# Am I weird for listening to Celtic Music while high?



## PuffinLikeAPimp (Mar 10, 2010)

Hey, I'm sure Im not alone one this one, because for some reason some like old school folky Irish music popped up while i was high the other day. It was delicious.

Anybody else had a similar experience with Irish folk music? so weird, i know.


----------



## anhedonia (Mar 11, 2010)

I played several instruments, pipes,low whistles, tin whistle, recorder (open fingering, same style as spanish pipes), mandolin, banjo, hand purcussions, mostly anything you could play traditional music with. I love all of it. Is there any particular bands your into?
Ive actually met some of these guys on the street. Went back to thier suite and smoked them out.
[youtube]feZL8sd3ro8[/youtube]


----------



## pjrocks7 (Mar 11, 2010)

lmao that is hilarious.


----------



## ford442 (Mar 18, 2010)

my local radio station does a celtic festival every year so i have gotten many good doses of it while stoned, tripping, and on other substances.. trying to play along on guitar is interesting...


----------



## logzz (Mar 18, 2010)

Nope this definitely sounds like a stoner music lmao Its good though I could see this working while I'm high.


----------



## dew-b (Mar 18, 2010)

PuffinLikeAPimp said:


> Hey, I'm sure Im not alone one this one, because for some reason some like old school folky Irish music popped up while i was high the other day. It was delicious.
> 
> Anybody else had a similar experience with Irish folk music? so weird, i know.
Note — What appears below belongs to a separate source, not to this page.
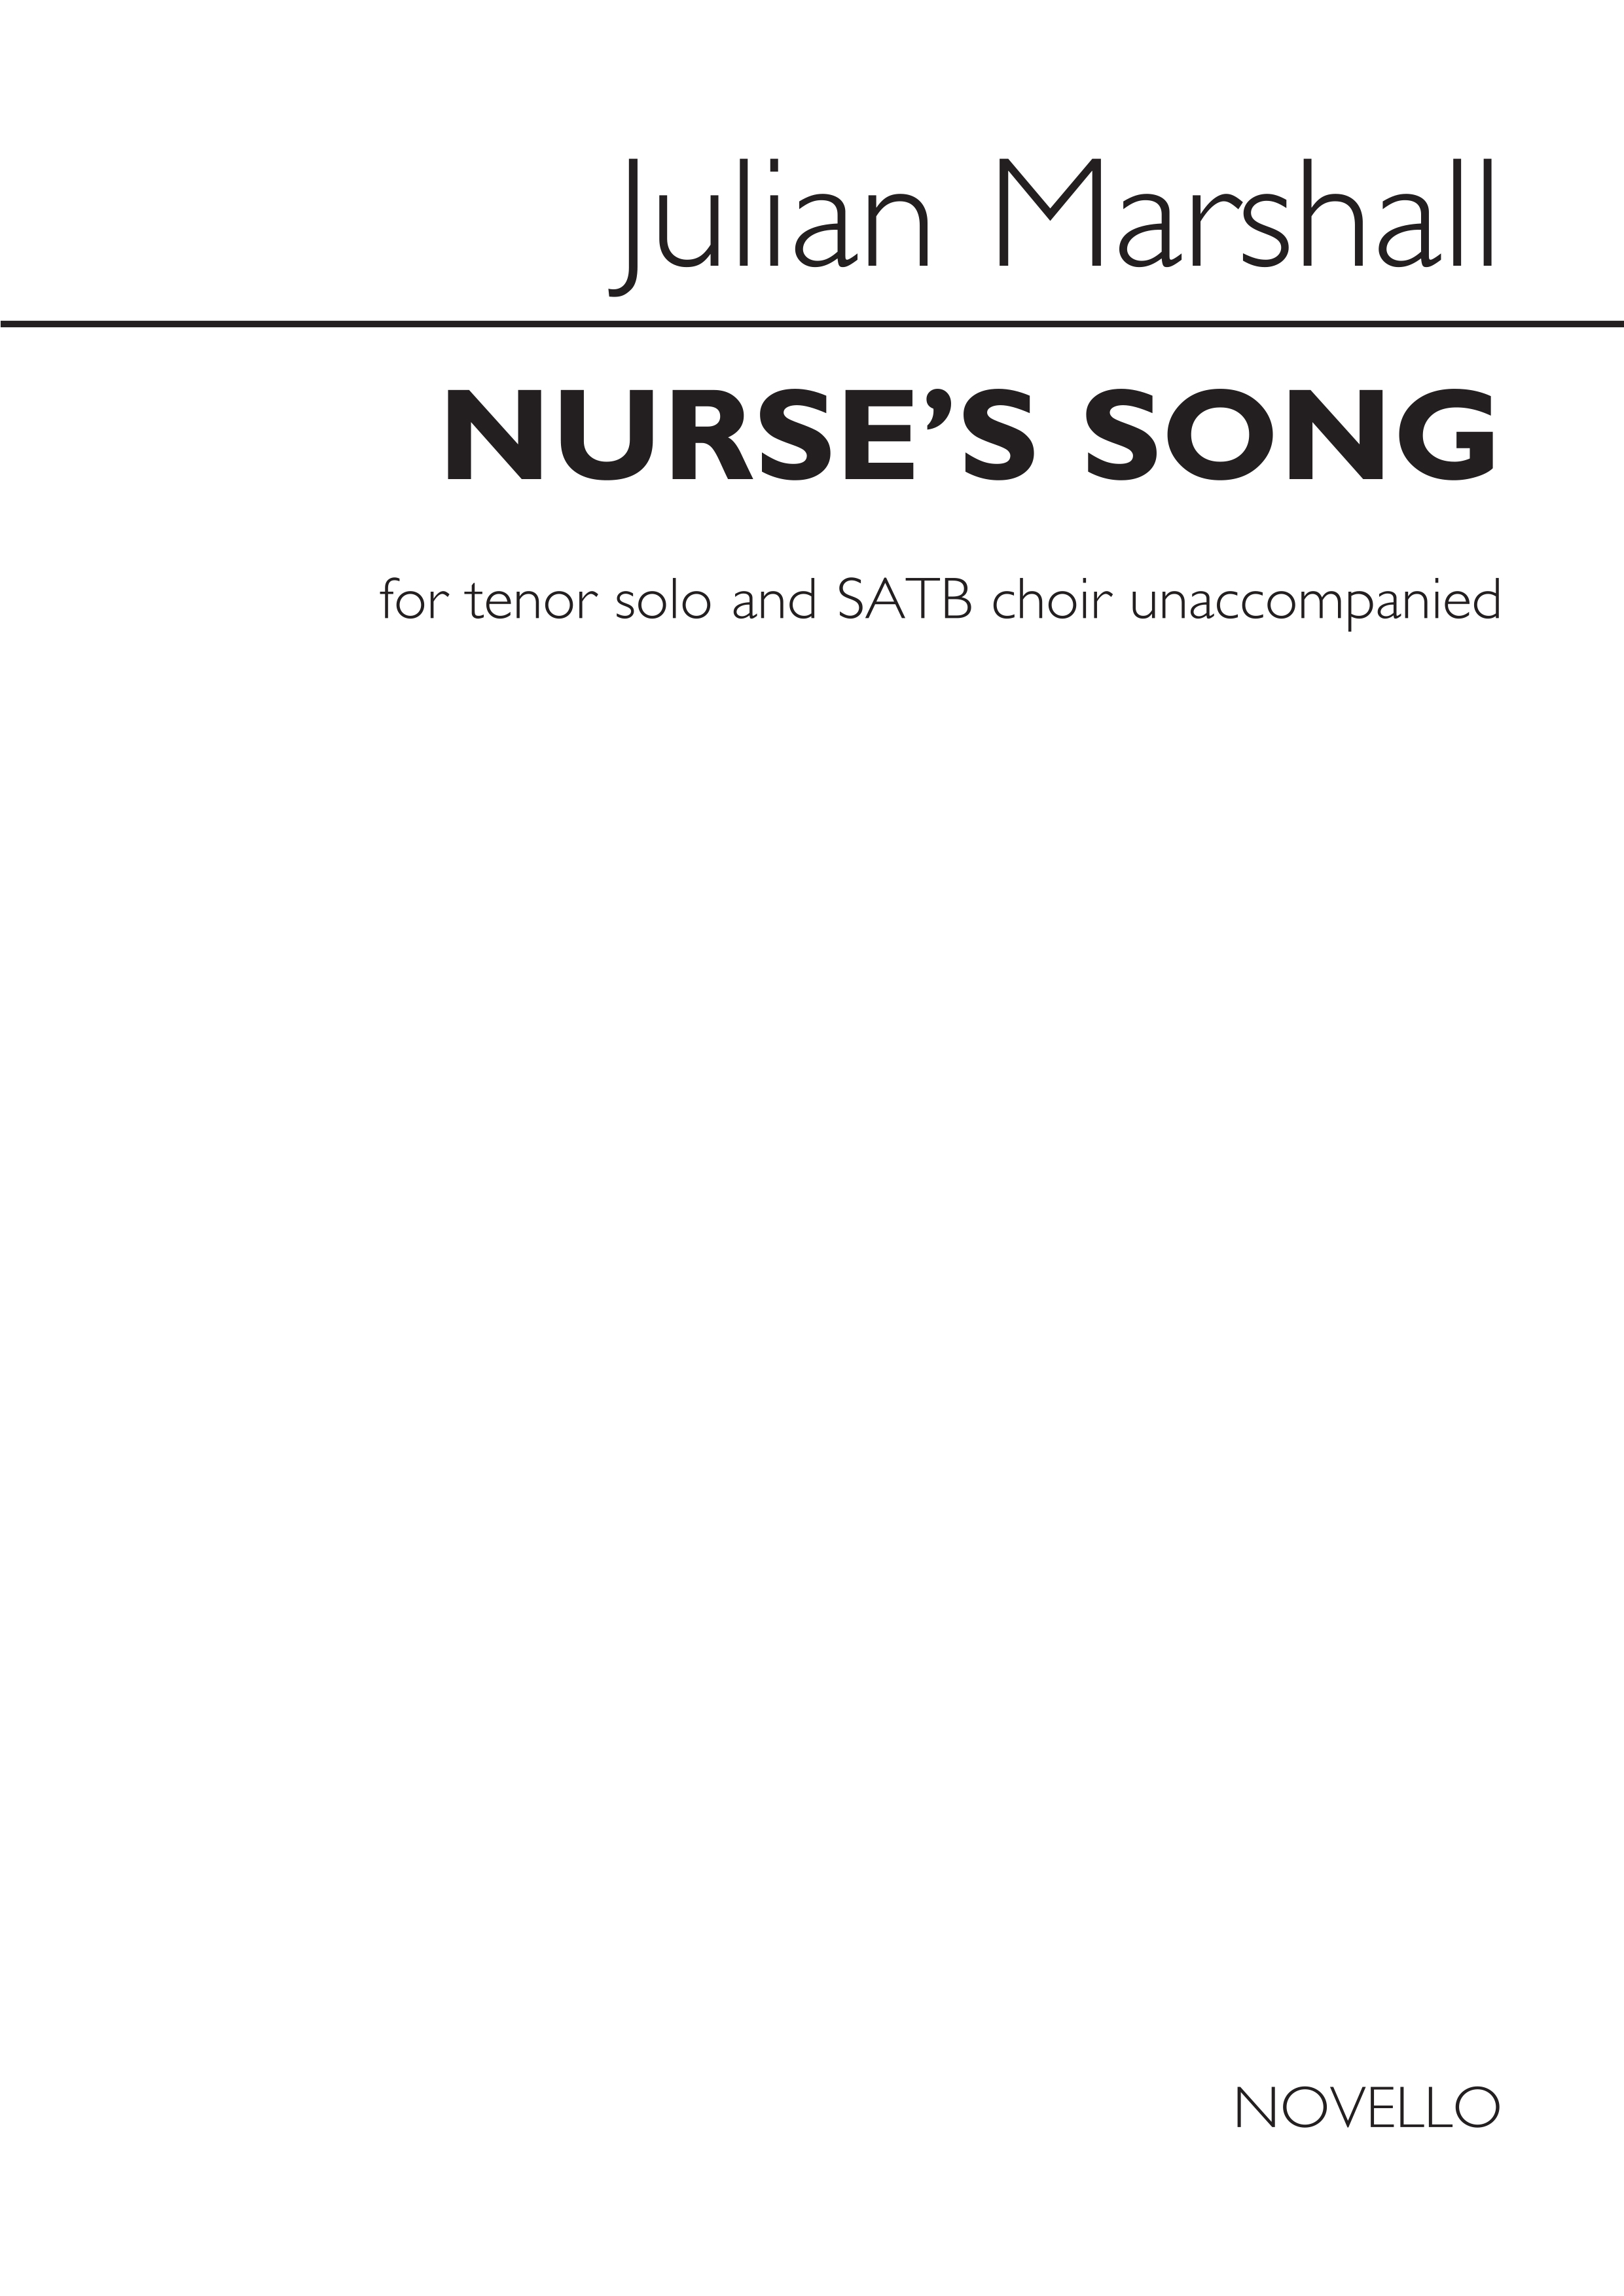 Julian Marshall: Julian Marshall: Nurse's Song: Tenor & SATB: Vocal Score

 i like to crank up the clasical from time to time. bethoven, bach. i love the instramental peter and the wolf.


----------



## iNVESTIGATE (Mar 18, 2010)

i'd skate to it so you get my approval lol


----------



## Damien916 (Apr 11, 2010)

In a word-no.

You are not weird.


----------



## mrchamber (Apr 14, 2010)

I admit I like classical when I'm baked and some Gregorian chants.
Sometimes its nice to just chill with it playing on low volume.
I know my plants love them too


----------



## smokebros (Apr 14, 2010)

celtic music is dope. bagpipes are the shit


----------



## newbud123 (Apr 14, 2010)

Your are not on your own  I appreciate music more when I am stoned .


----------



## KlosetKing (Apr 14, 2010)

short answer: no. i used to get ripped off my ass, then throw the old Warcraft II cd (mac install disc) in the player, and it would play the entire soundtrack to the game uninterupted. kewl shit if you ask me, not celtic but still wierd. so no, i wouldnt say celtic is any more wierd than me rocking out to some medievel warcraft music...


----------